Written by John Fontana, Contributor

Initially I chuckled at Twitter’s password advice in the wake of hacks on the accounts of Burger King and Jeep.

The social media site was stealthily admonishing users for their poor password habits (easy to guess, too short, poorly configured, re-used) in a beat-your-head-against-a-wall lecture that end-users have heard and ignored for decades.

And the irony was rich.

Late last month, Twitter itself was the victim of a hack showing its inability to properly configure its own protections for its sensitive data. The result was upwards of 250,000 Twitter users having to reset their passwords.

Were Burger King and Jeep the victim of their own poor password policies?  Or were passwords stolen from Twitter or any number of other  repositories hacked in the past 24 months or so (LinkedIn, Facebook, Apple, Zappos, Sony) the source of the passwords? Passwords that perhaps were re-used on multiple sites by end-users - one of the no-no’s of Twitter's (and others) rant on good password hygiene.

But as you look at the dynamics of the hacks, and where blame might lie, it is clear from either side that they're really in this together. And they're starting to work on it.

Today, Twitter announced it has been using a technology called "Domain-based Message Authentication, Reporting & Conformance." DMARC is targeted at reducing the number of phishing emails looking to trick users out of their account passwords. DMARC standardizes how email receivers perform email authentication.

DMARC was created by a group of organizations that includes Bank of America, Fidelity, JPMorgan Chase, Comcast, PayPal, Facebook, LinkedIn, and email providers AOL, Microsoft, Yahoo, and Google.

"DMARC gives email providers a way to block email from forged domains popping up in inboxes. And that in turn lessens the risk users face of mistakenly giving away personal information," wrote Twitter's Postmaster Josh Aberant in a blog post today.

That's one major effort to reduce password theft.

Earlier this week, Google updated its war on account hijackers, those who steal (or buy on the black market) credentials of email accounts they can use for sending spam to the account holder's contacts.

"We’ve seen a single attacker using stolen passwords attempt to break into a million different Google accounts every single day, for weeks at a time. A different gang attempted sign-ins at a rate of more than 100 accounts per second," Mike Hearn, a Google security engineer, wrote in a blog post.

So Google instituted a risk analysis system that kicks in when users sign on to their email accounts. The system has some 120 variables. Suspicious looking log-ins, say from the other side of the world from where the user normally resides, are met with some inquiring challenges - say a phone number or secondary email associated with the account.

Google says the results were a reduction in the number of compromised accounts by 99.7% since the peak of hijacking attempts in 2011.

And like Twitter, Google asked end-users to do their part in protecting their accounts with strong and unique passwords, two-step verification, and new recovery options such as secondary email addresses.
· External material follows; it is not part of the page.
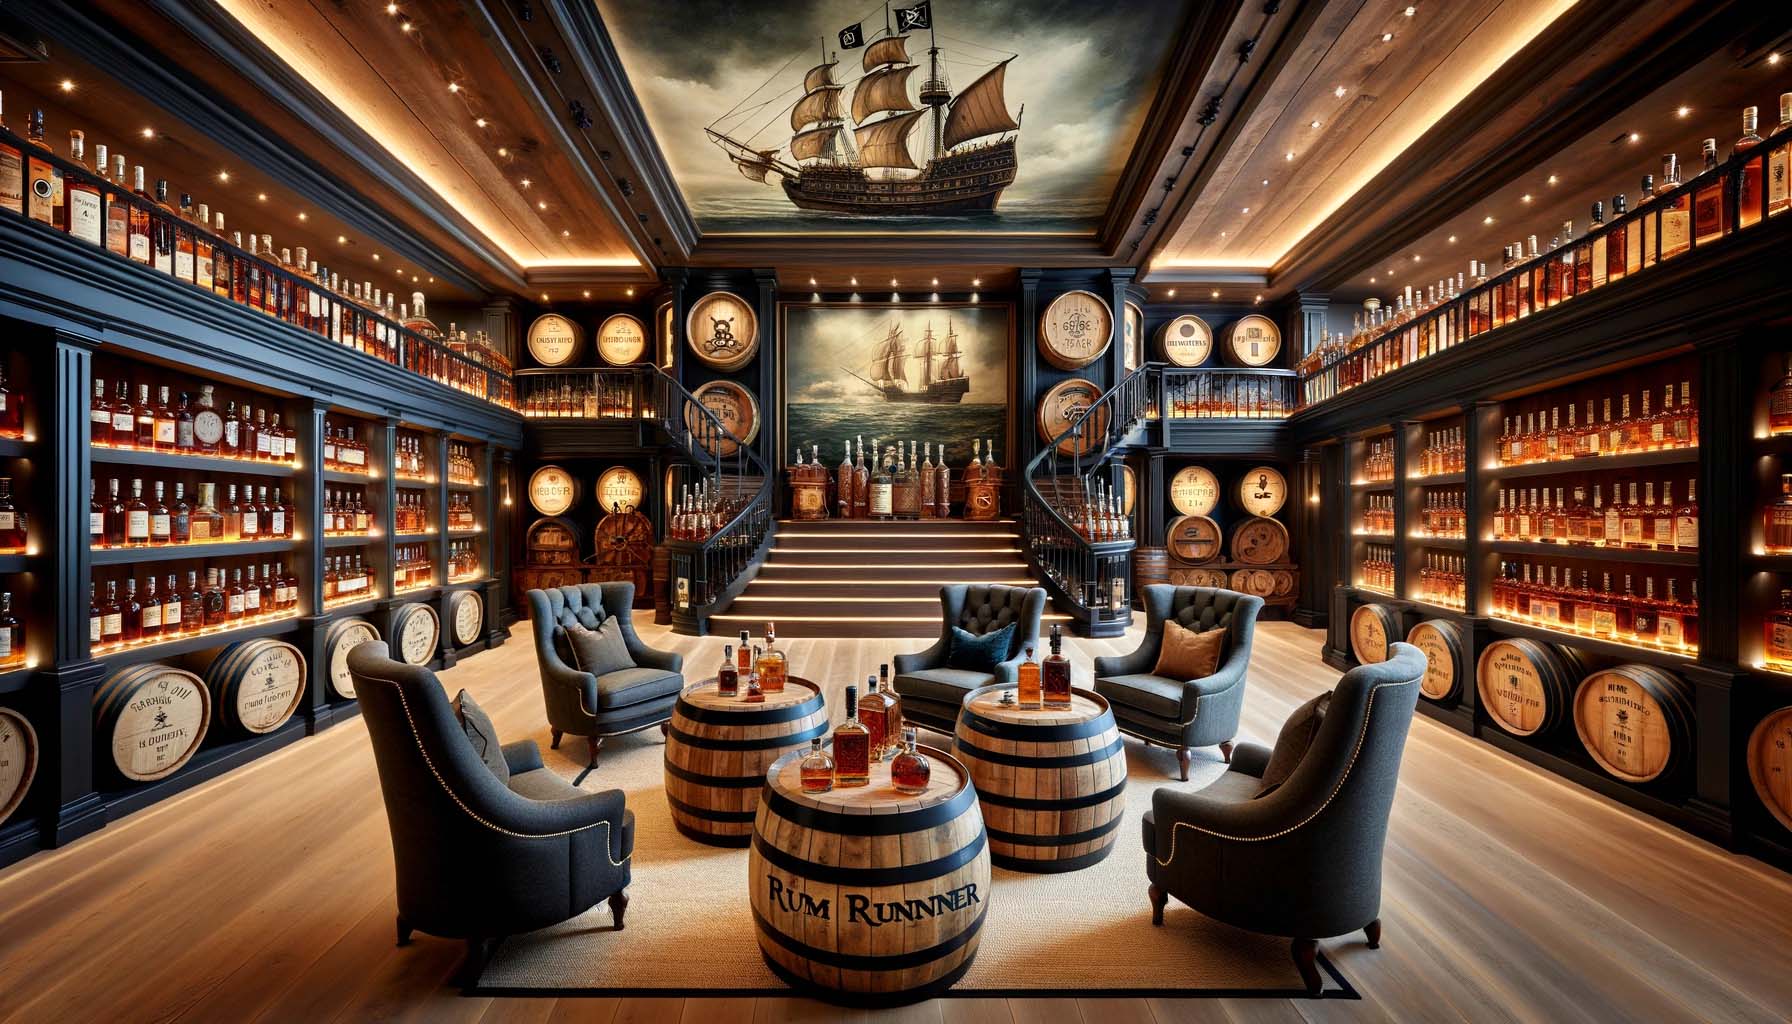 Carbon Heritage showcasing luxurious rum runner lounge getaway for the extreme connoisseur
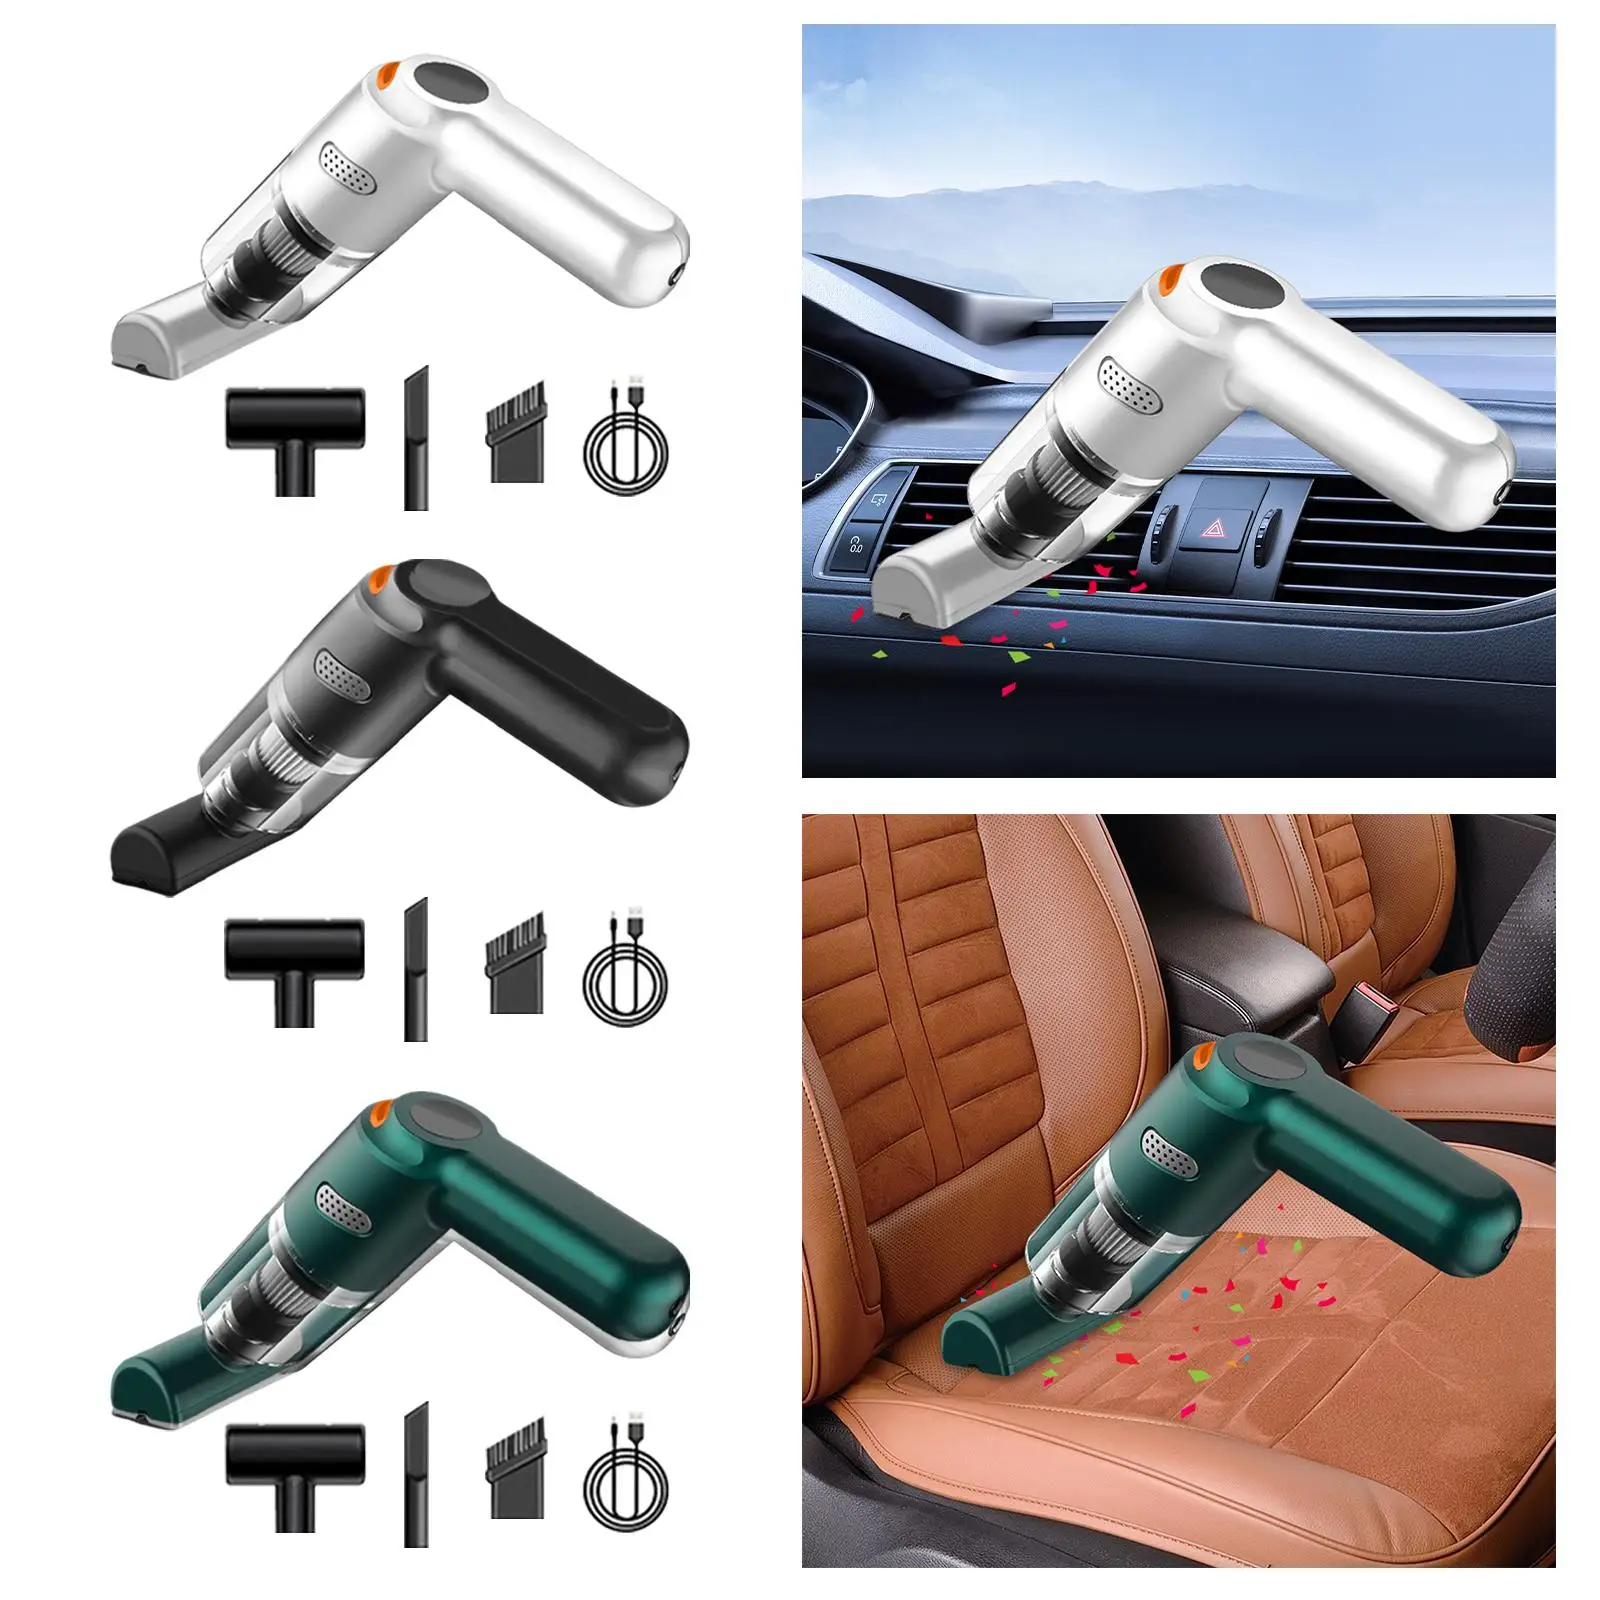 Mini Car Vacuum Cleaner High Power Suction Portable 120W Lightweight USB Charging for car home Paper Scraps PC Cleaning

In addition, continuing efforts such as the National Strategy for Trusted Identities in Cyberspace (NSTIC), which is attempting to build an identity layer for the Internet - and standards work around authentication, authorization that will benefit cloud and mobile services - all play a part.

Next week at the annual RSA Conference, identity will cut a wide swath with a number of panels and speakers discussing what is possible, and vendors showing how to build it.

Some will argue this federated identity "ecosystem" is just one credential and a single point of failure. But the target is a better-crafted credential and a better-protected system of connections that includes tokens and trust relationships. A set of identity providers, who have liability and revenue at stake, and a revocation/de-provisioning system that can cascade across domains.

None of these actions, words of advice, or product suites taken individually is a silver bullet, but collectively there might just be a silver lining.